> _MATERIAL PROVIDED_:
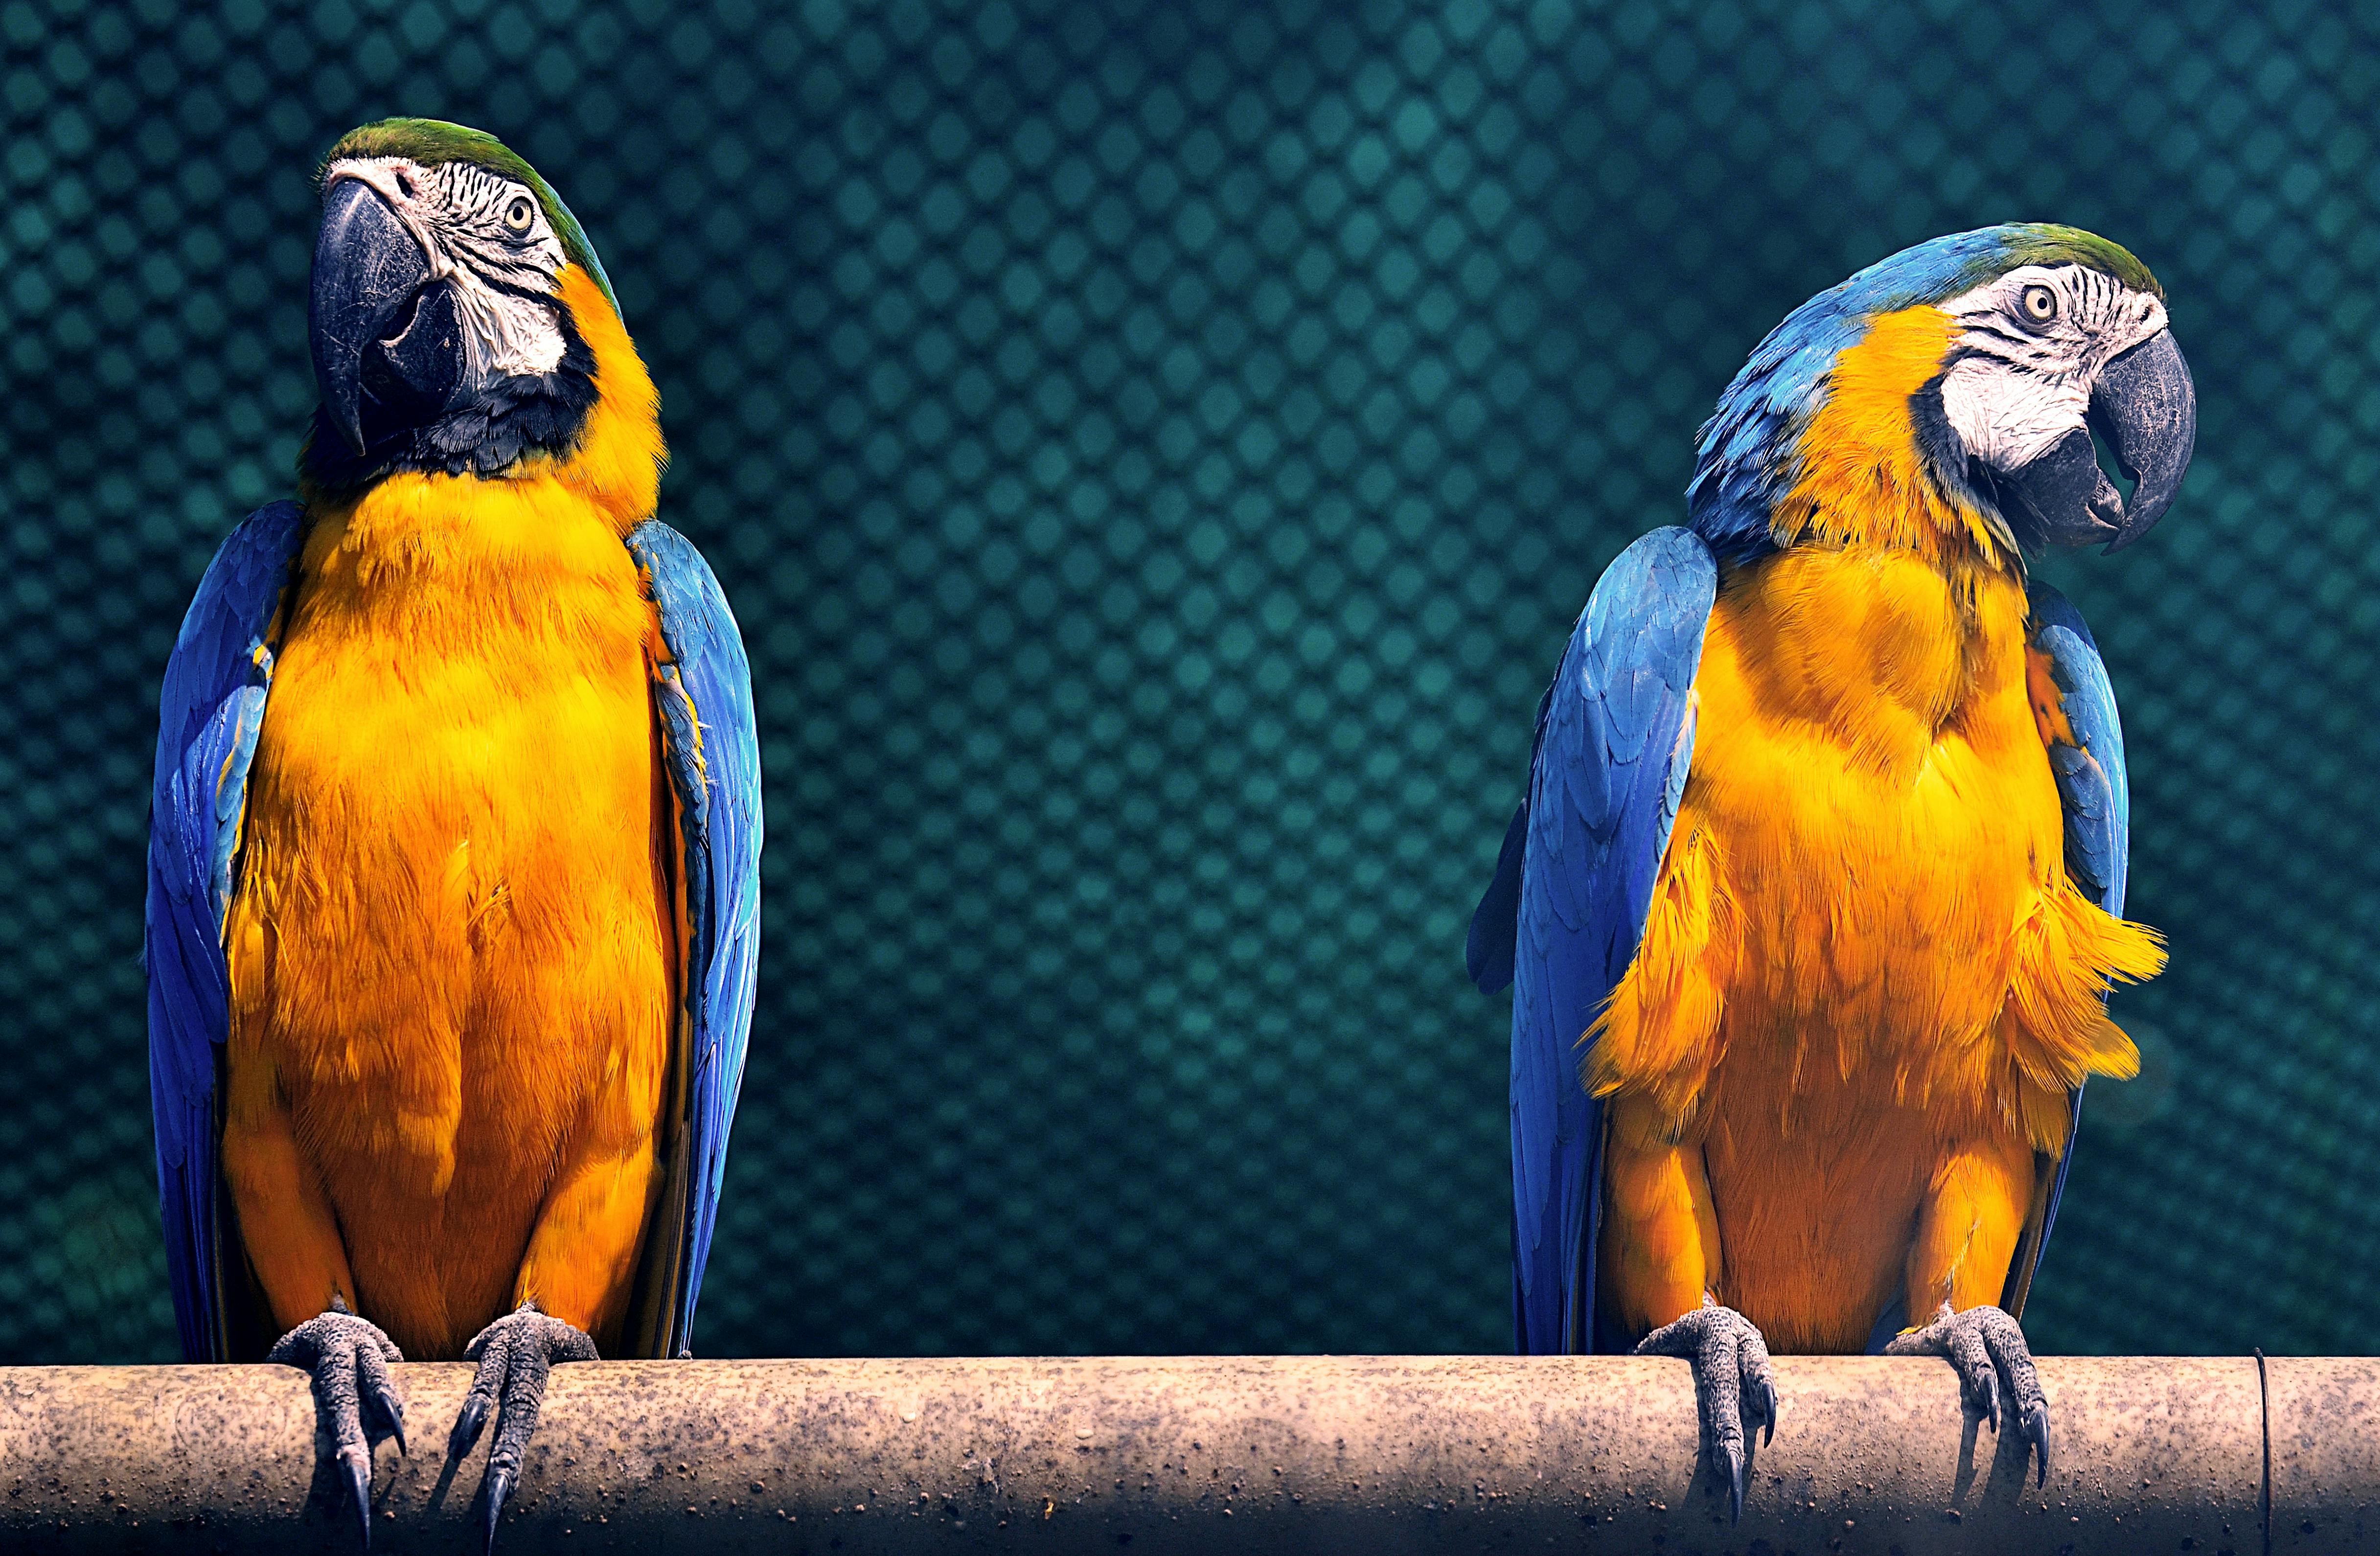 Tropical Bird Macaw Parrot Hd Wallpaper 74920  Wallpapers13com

...

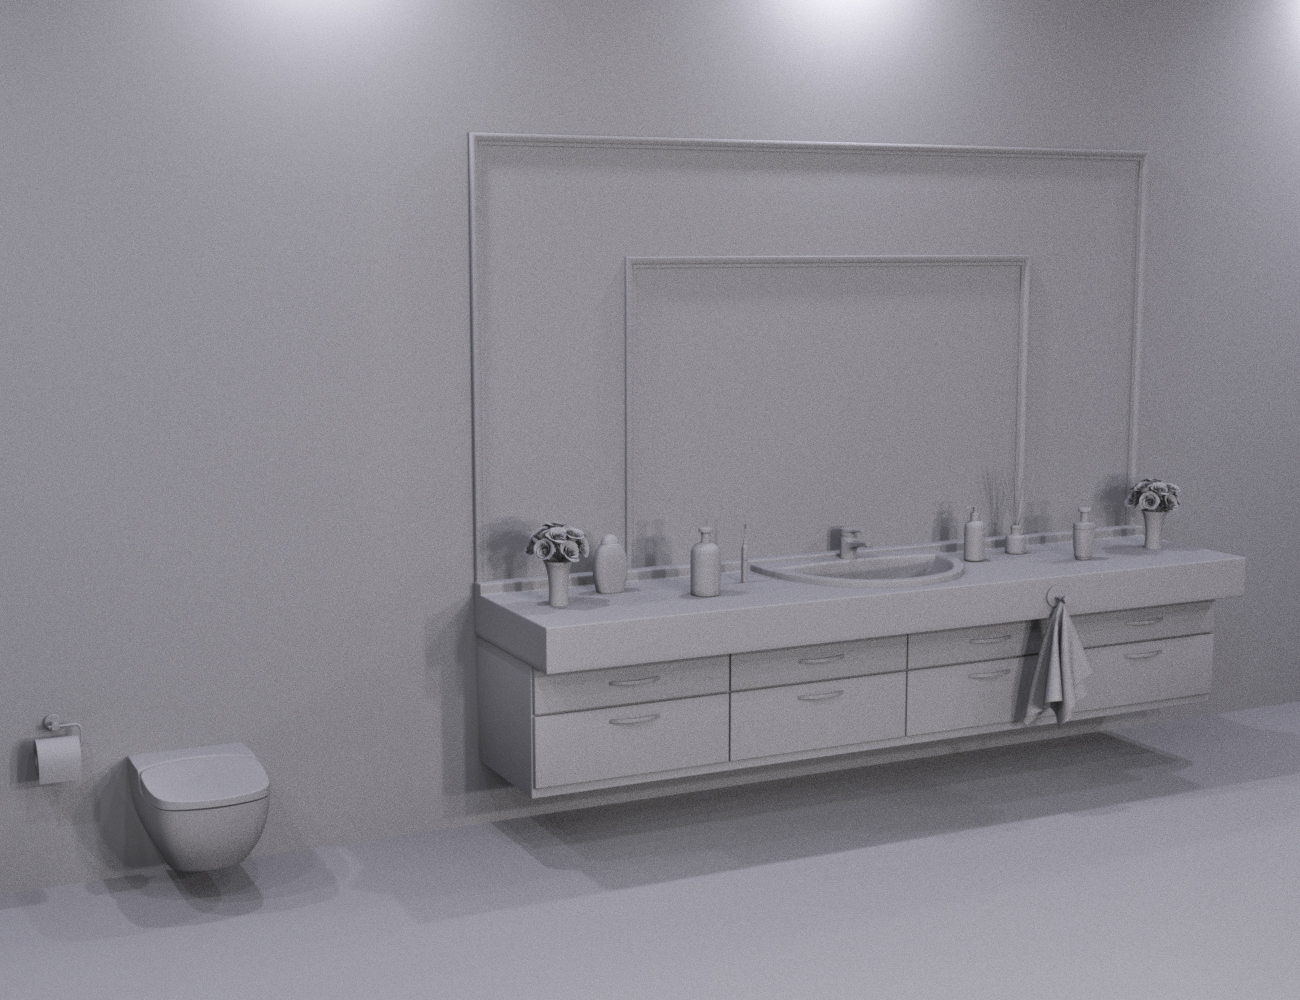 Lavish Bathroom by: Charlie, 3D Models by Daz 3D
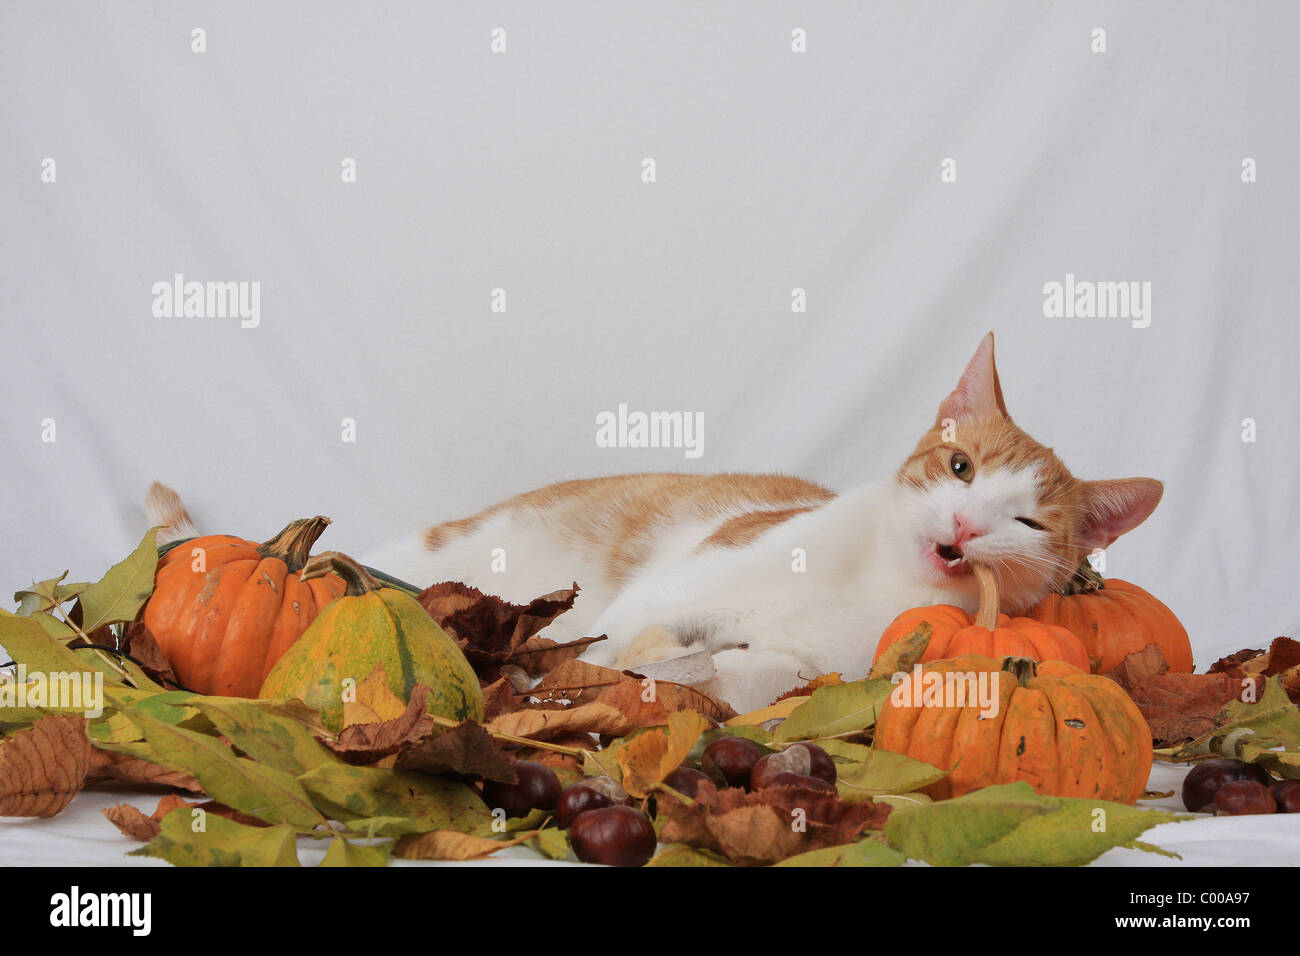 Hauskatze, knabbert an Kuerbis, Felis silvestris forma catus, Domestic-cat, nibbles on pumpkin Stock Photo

> _EXERCISE INSTRUCTIONS_: Among the entries above, copy exactly the stretch from the line holding "Lavish Bathroom by: Charlie, 3D" through the line holding "Hauskatze, knabbert an", leaving out any pictures.

> _TASK ANSWER_:
 Lavish Bathroom by: Charlie, 3D Models by Daz 3D
 Hauskatze, knabbert an Kuerbis, Felis silvestris forma catus, Domestic-cat, nibbles on pumpkin Stock Photo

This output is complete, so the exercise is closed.